Data is crucial to the ability of high-tech stores to charge customers for the items they want without a cashier. Amazon creates skeletal models based on people’s height and shape, according to the lawsuit, which reflect the actual movements of customers inside the store.

“[T]”The Just Walk Out technology used to distinguish shoppers from one another is not biometric and is only used to link a customer to their purchases during a single store visit,” a spokesperson said. Amazon at Insider on Saturday.

Amazon hadn’t posted signs in its New York stores dealing with biometric data for more than a year, putting them up this week – after the New York Times reported their absence, according to the lawsuit. The new signs state that no biometric data is collected outside of the use of the palm scanner, according to the lawsuit.

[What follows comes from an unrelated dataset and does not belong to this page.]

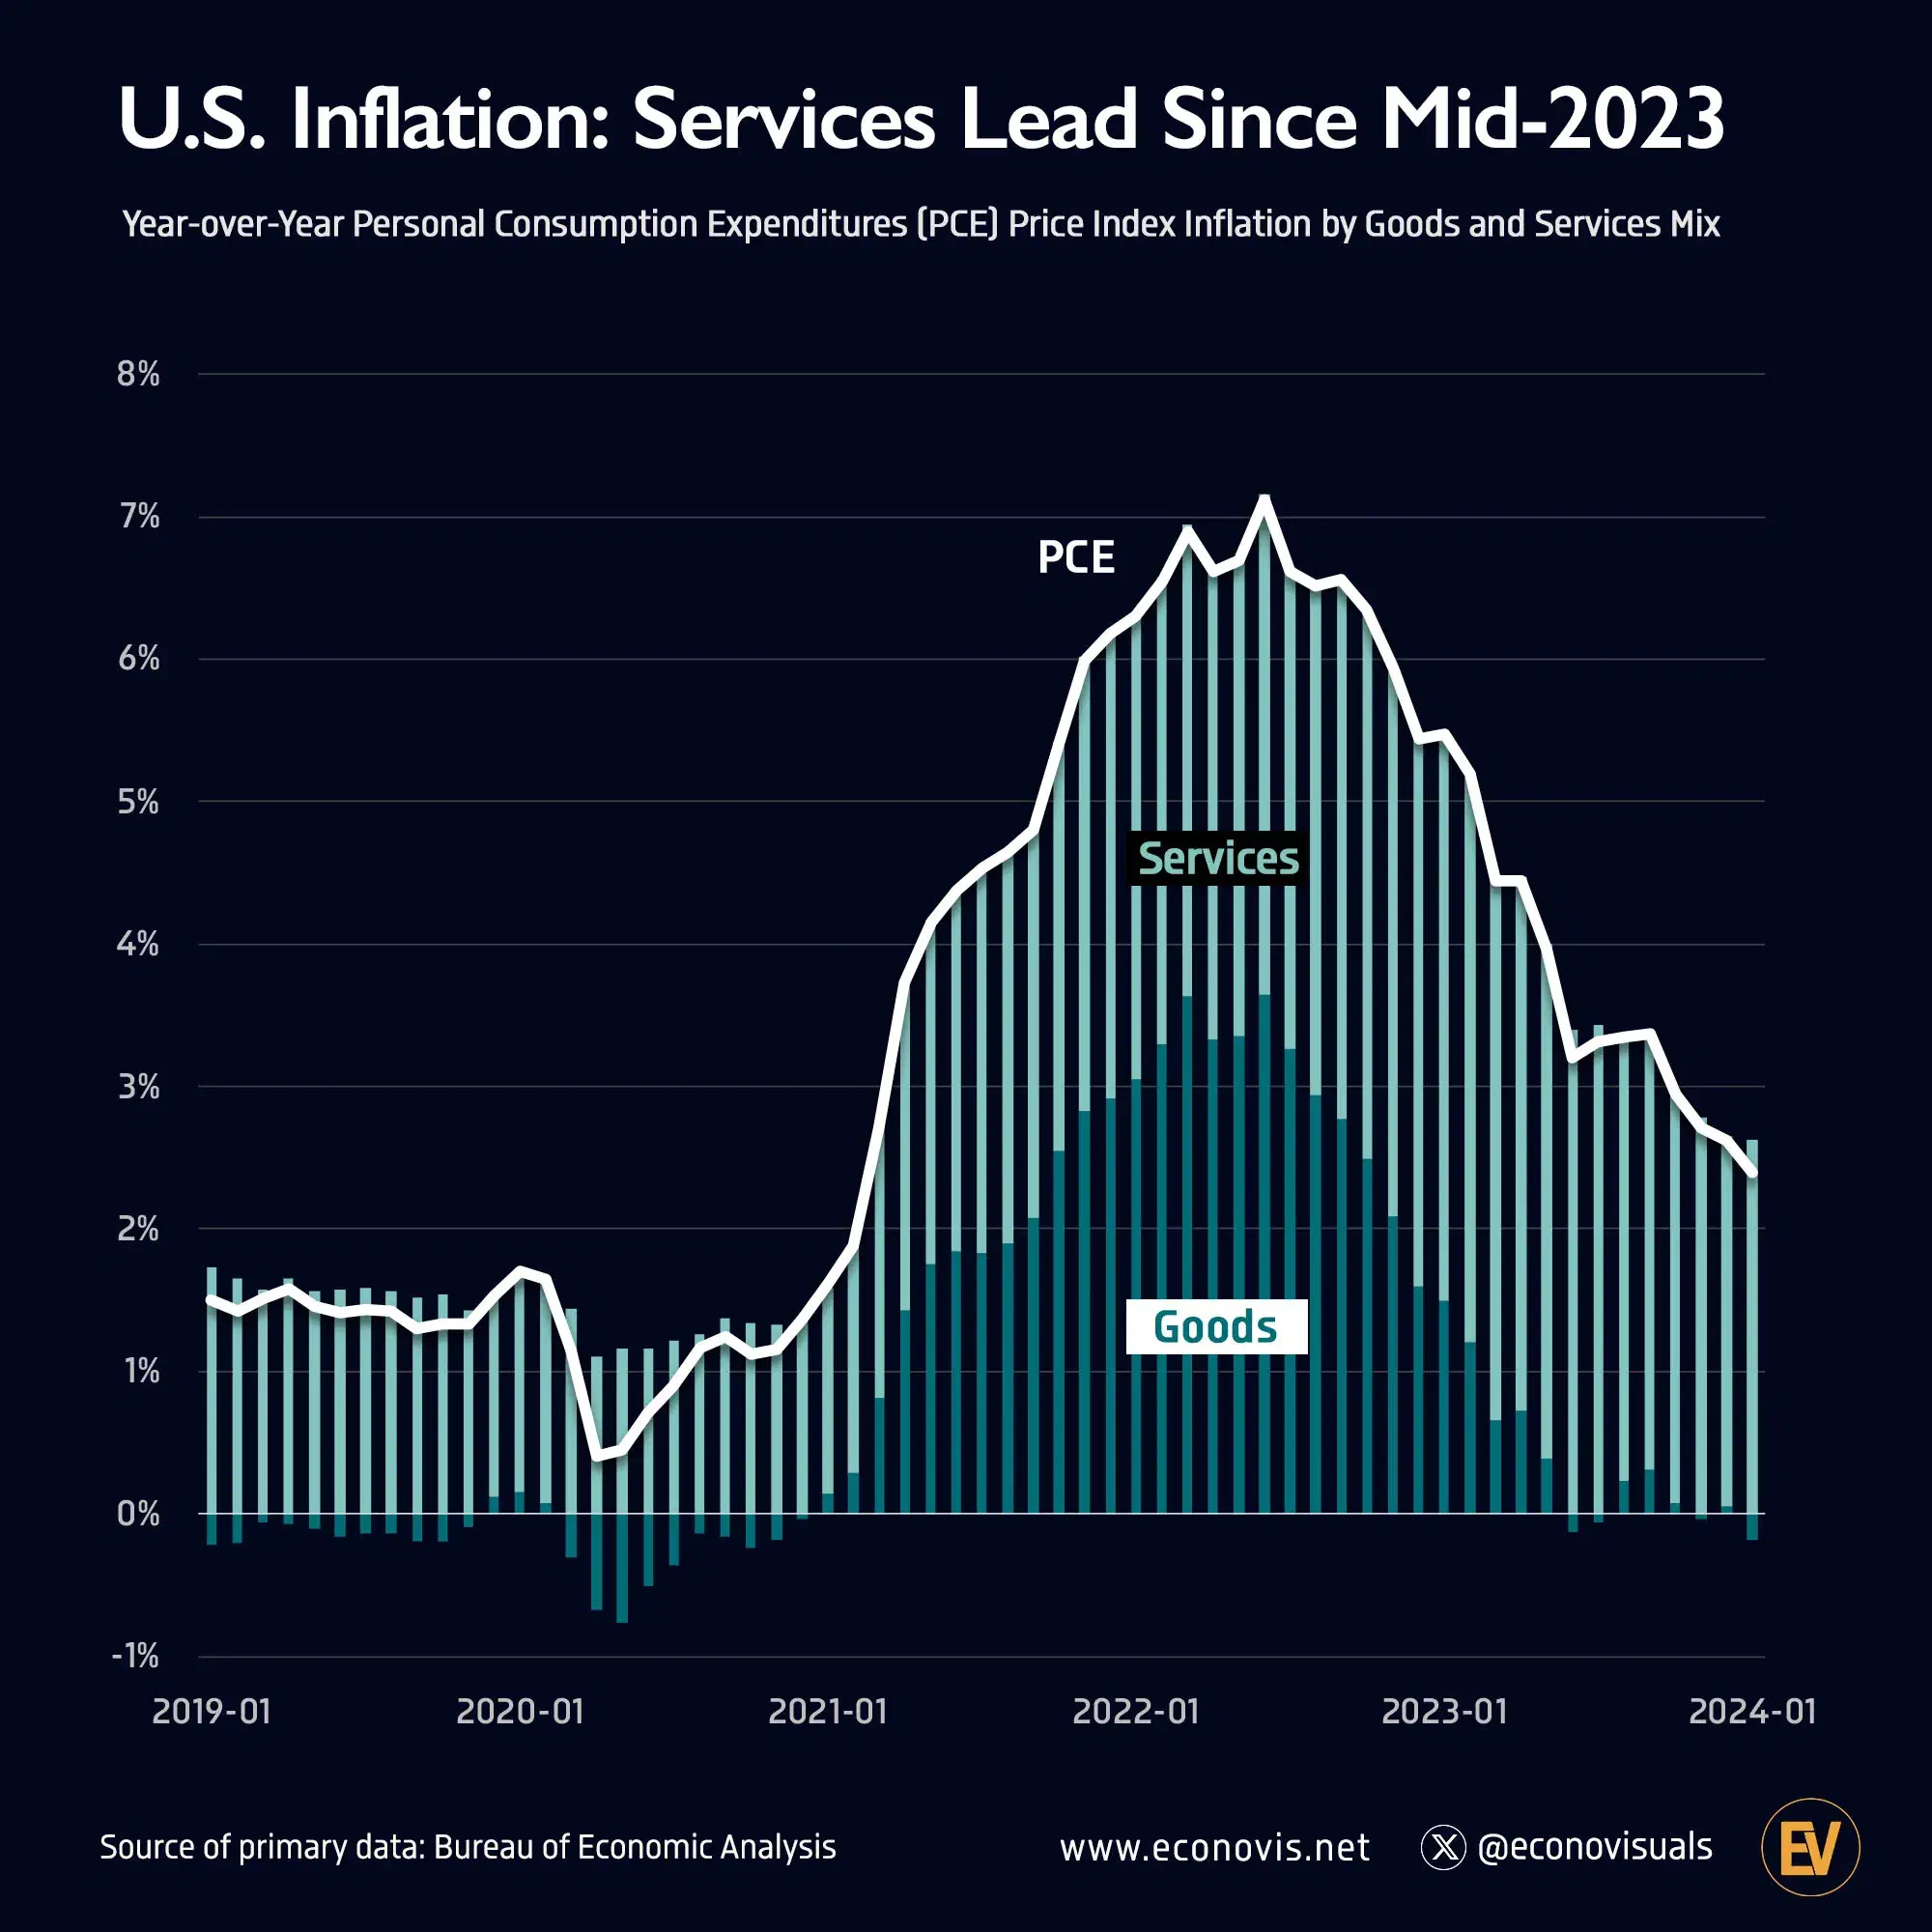 U.S. Inflation: Services Lead Since Mid-2023

“Only shoppers who choose to enroll in Amazon One and choose to be identified by waving their palm over the Amazon One device have their palm biometric data securely collected, and those individuals receive the privacy information appropriate during the registration process,” the spokesperson said. said.

Amazon Go customers must use an app or credit card linked to their Amazon account, or the store’s palm scanner, to enter the store. Shoppers then pick up the items they want to buy, and Amazon tracks the items customers take before automatically charging them when they leave the store.

The lawsuit also claims that the new signs in Amazon Go stores are designed with colors, style and fonts that make them easier to ignore.

“We believe Amazon’s conduct has gone from bad to worse,” Roman-Friedman told Insider.